Pub Date: March 2019
Publisher: Minotaur Books
Length: 290 pages
POV: 1st, present
FTC: Review Copy courtesy of the publisher
This is the second Doug Brock thriller books I've read, and despite being written in the one tense and POV combo I despise, I really enjoyed it.
Doug Brock is a New Jersey state police officer with shooting related amnesia, which is a real drawback whenever he has to revisit a past case he can't remember, although it's a plus in his personal life, as it's allowed him a "do-over" with his one-time fiance, Jessie.
This new case is a serial sniper, and figuring out the connection between victims requires lots of interviews with family and witnesses: which is ten levels of awkward when you don't remember most of your past cases.

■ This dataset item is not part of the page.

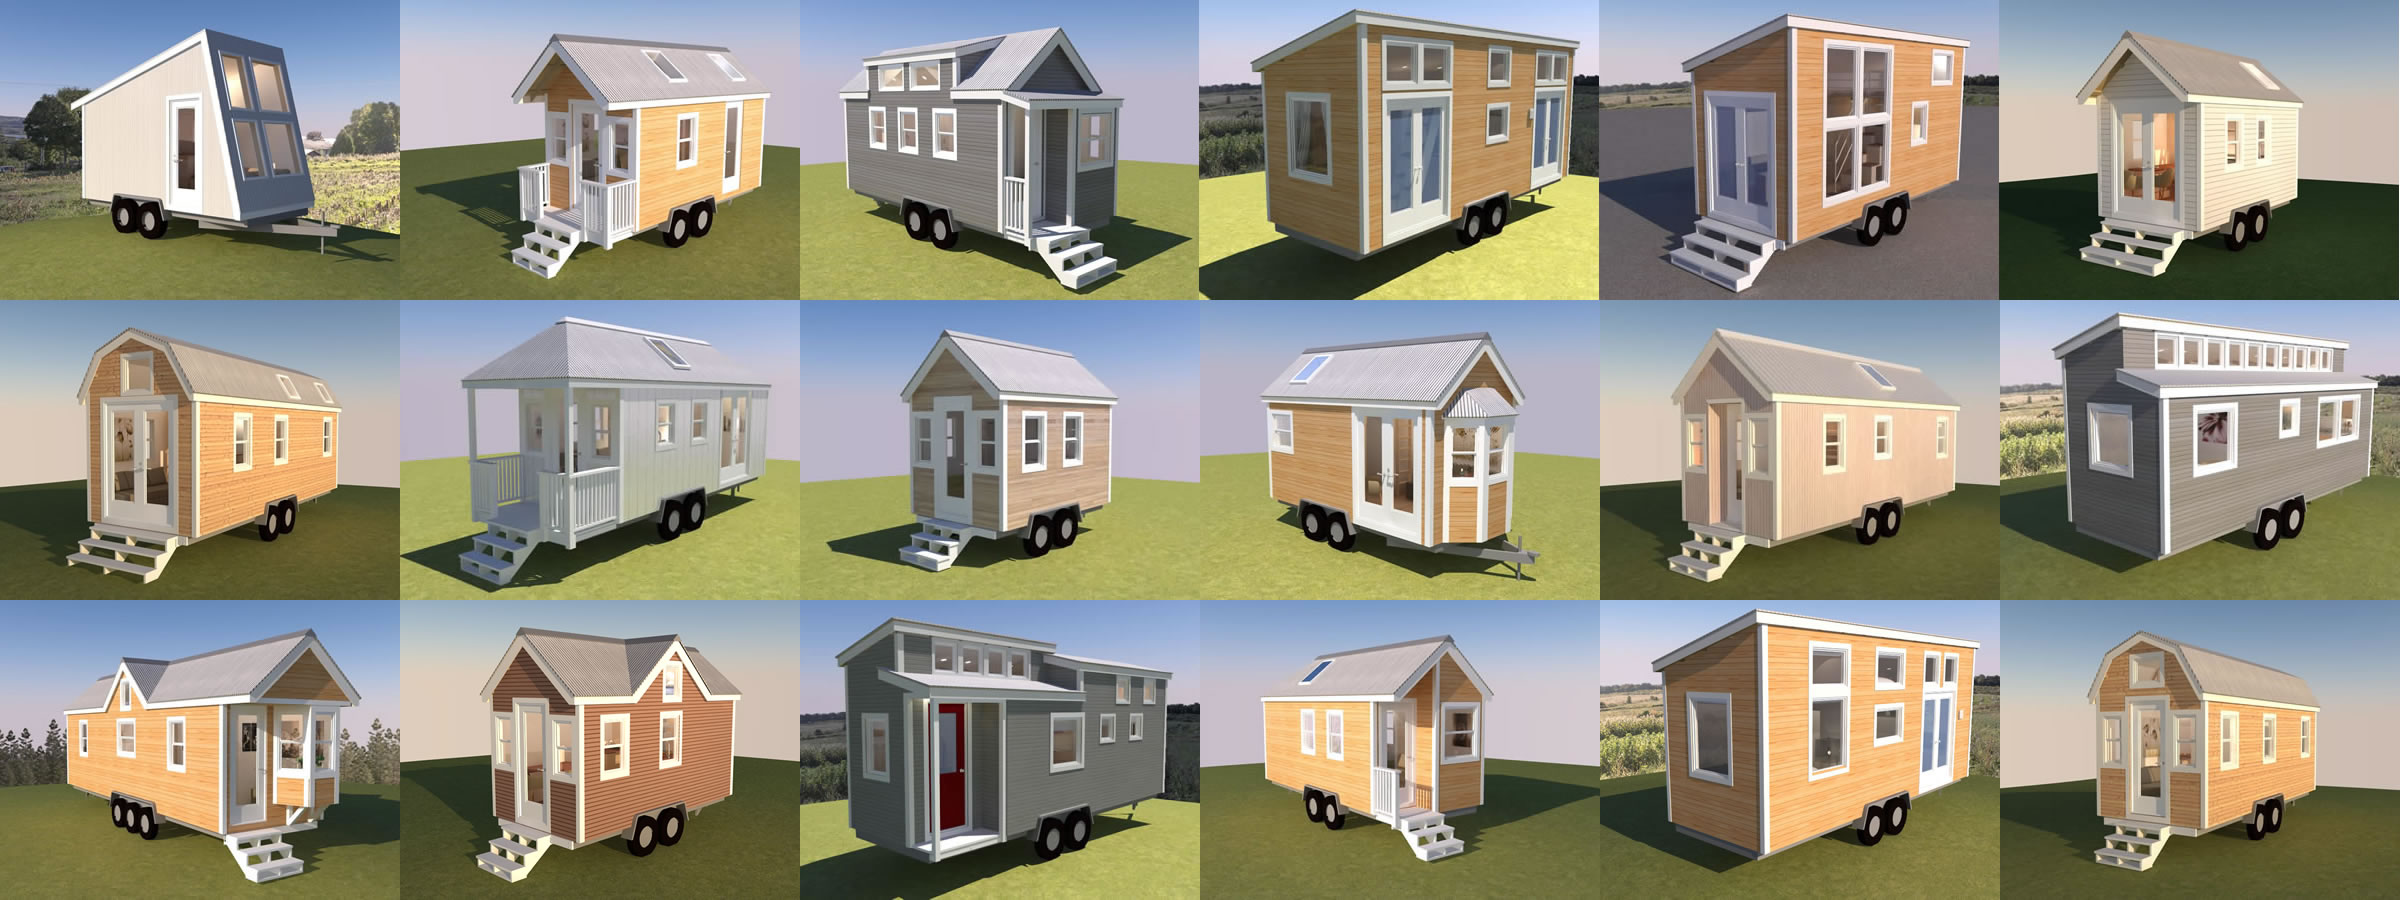 18 Tiny House Designs

I liked how tight the chapters were, how methodical the police work is. I liked the supporting characters, especially Jessie, which is why I wish the book were 3rd past instead of 1st present. I wanted more of her thoughts and feelings.
My only real issue with the book is the nonstop fat shaming of Doug's partner, Nate. It's constant and unnecessary.
Overall, a solid police mystery.
My Grade: B
Doug Brock hasn't had it easy since his getting shot in the line of duty as a New Jersey state police officer. Between the amnesia and having to solve two murder cases, it hasn't been the most restful recovery. He’s slowly earning back the trust of his girlfriend Jessie, since he doesn’t remember their breakup, and has focused on new crimes with his partner, Nate.
But now an old case of Doug’s has resurfaced, and it’s up to Doug to retrace his steps – steps he can’t remember – to solve the case. Eighteen months ago, Walter Brookings was shot through the heart. With no clear motive and no similar murders, the investigation stalled and became a cold case.
When another man is murdered in the same fashion and the ballistics come back as a match, Doug begins to reinvestigate, and starts to question his own actions from the previous investigation.Finally, what Doug uncovers may be more dangerous than any case he’s faced yet.